## GIVEN DATA:
'''
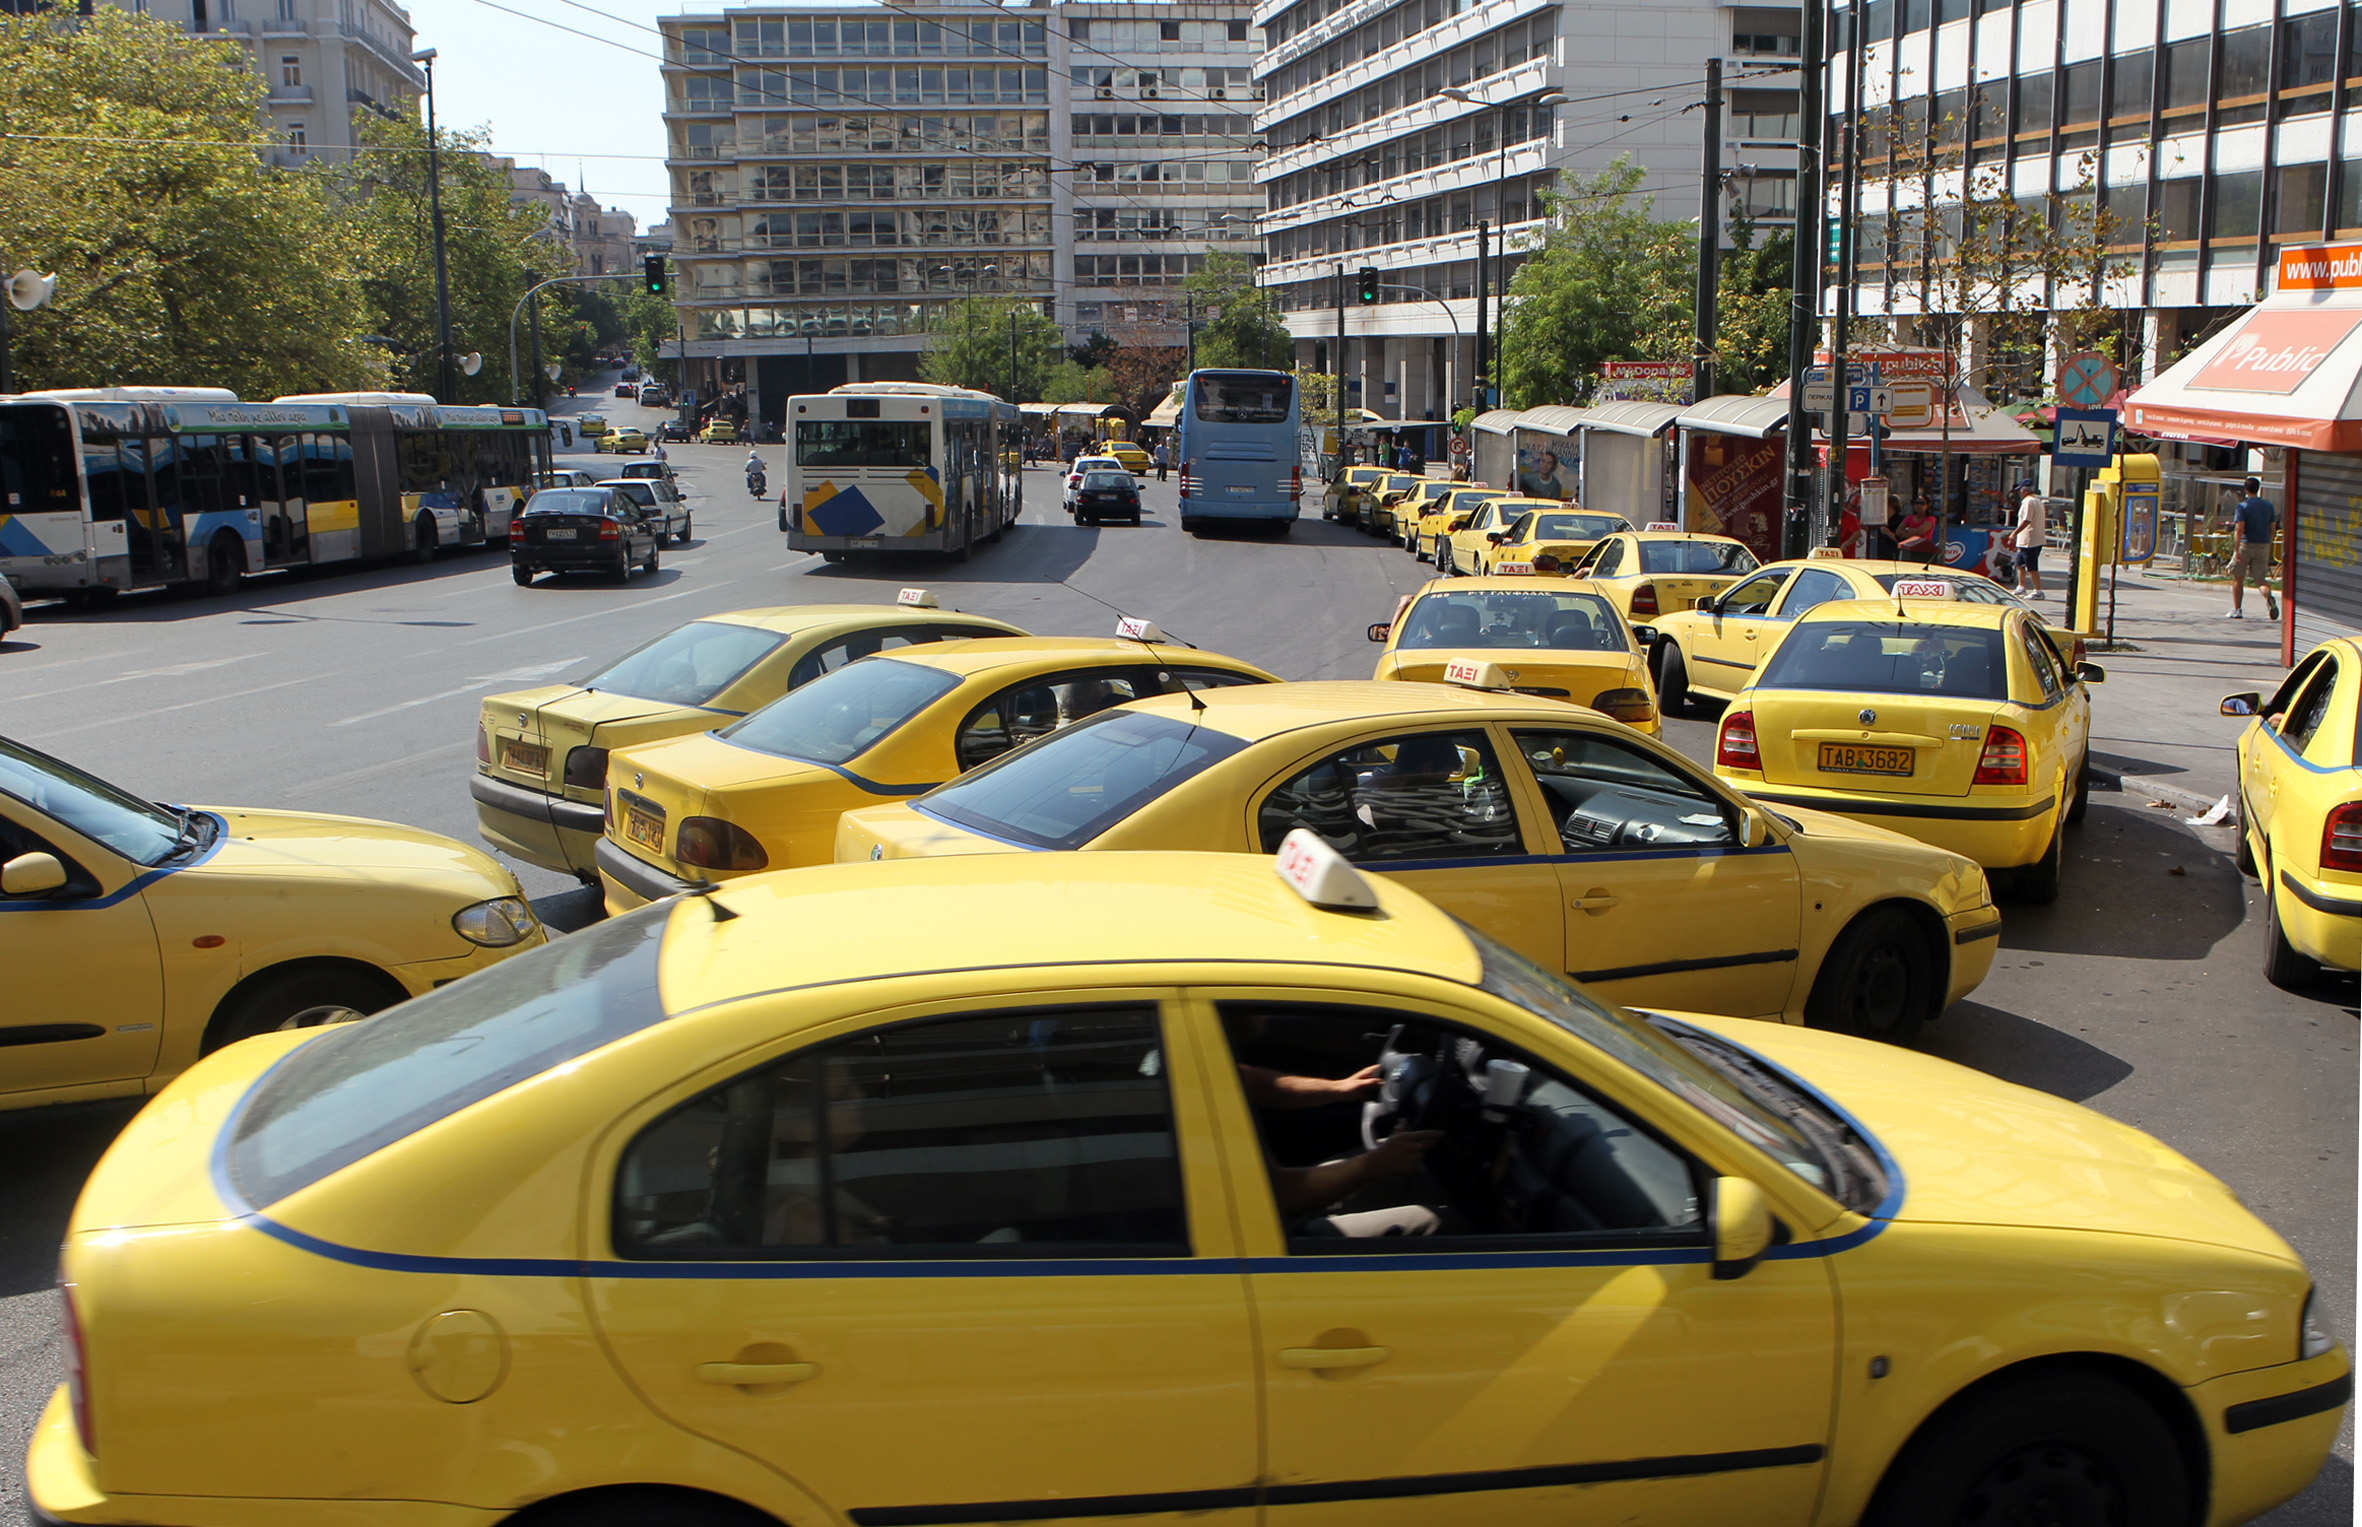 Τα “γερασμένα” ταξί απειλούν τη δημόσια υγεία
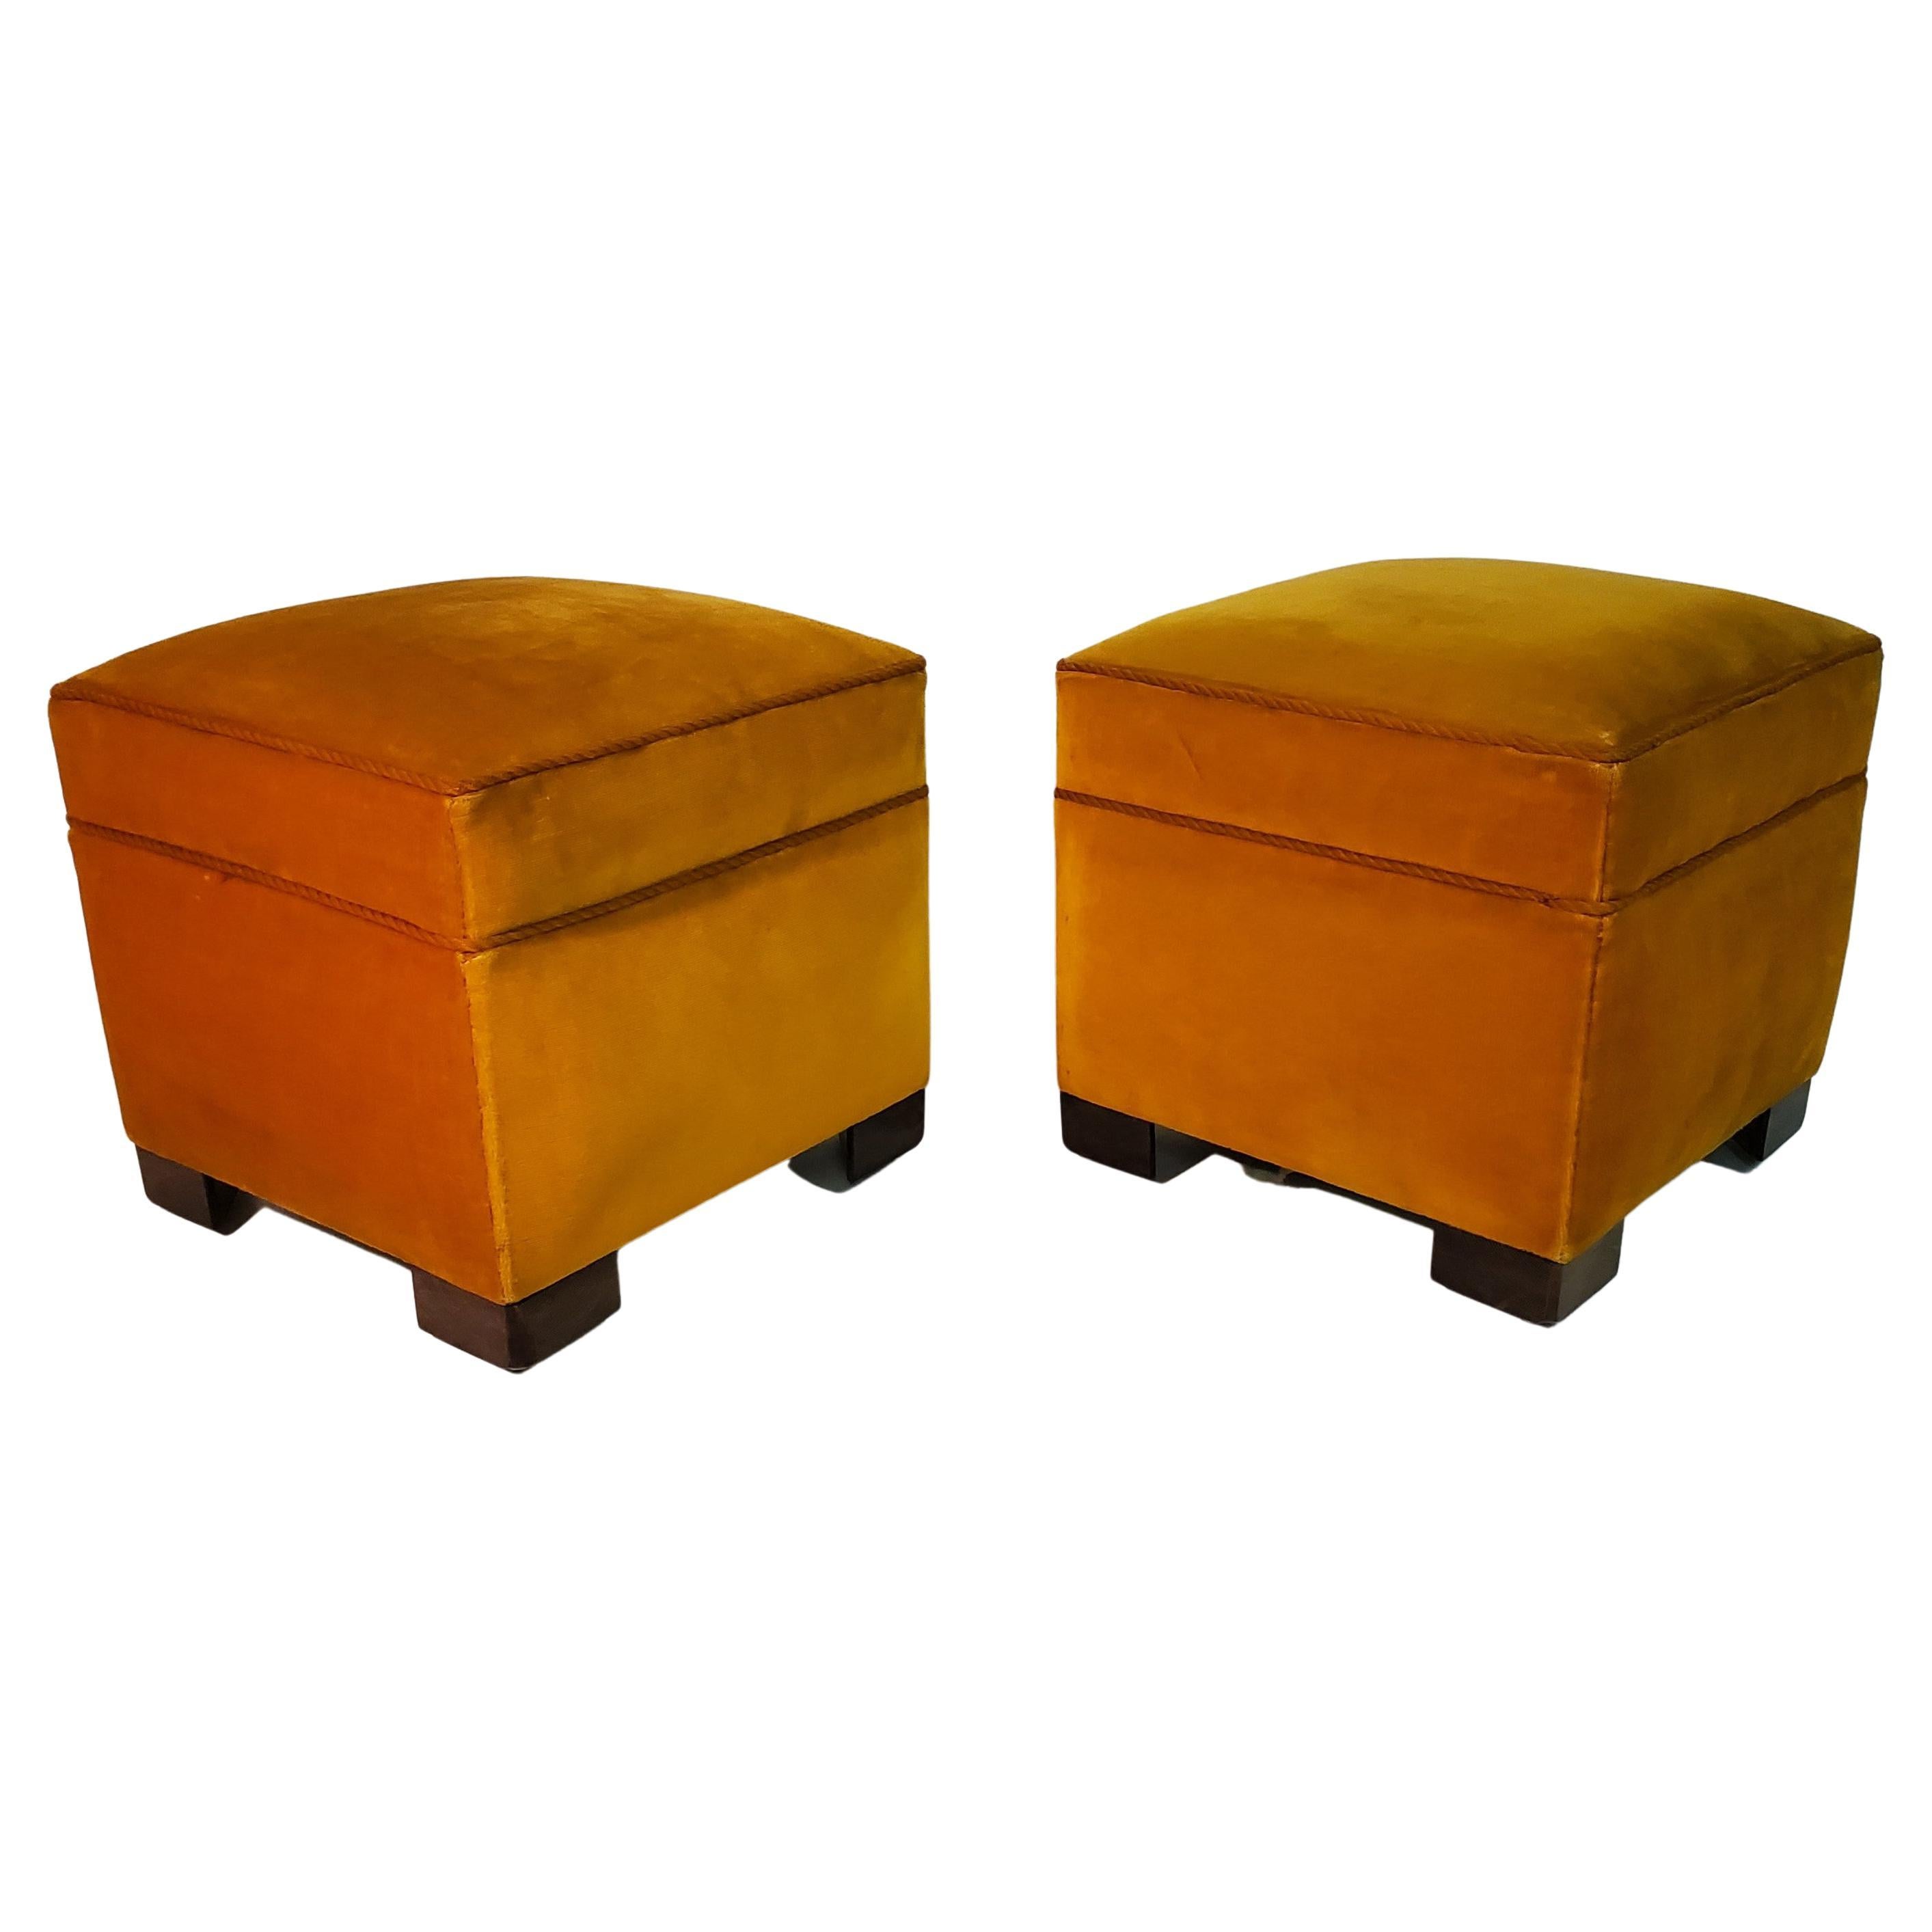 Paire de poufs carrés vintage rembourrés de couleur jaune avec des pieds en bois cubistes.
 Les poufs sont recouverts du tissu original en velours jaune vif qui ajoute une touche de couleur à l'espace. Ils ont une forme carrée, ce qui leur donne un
'''
## WHAT THIS TASK INVOLVES:
Pictures are not part of the copy. Please reproduce the material word for word.

## REPLY:
 Τα “γερασμένα” ταξί απειλούν τη δημόσια υγεία
 Paire de poufs carrés vintage rembourrés de couleur jaune avec des pieds en bois cubistes.
 Les poufs sont recouverts du tissu original en velours jaune vif qui ajoute une touche de couleur à l'espace. Ils ont une forme carrée, ce qui leur donne un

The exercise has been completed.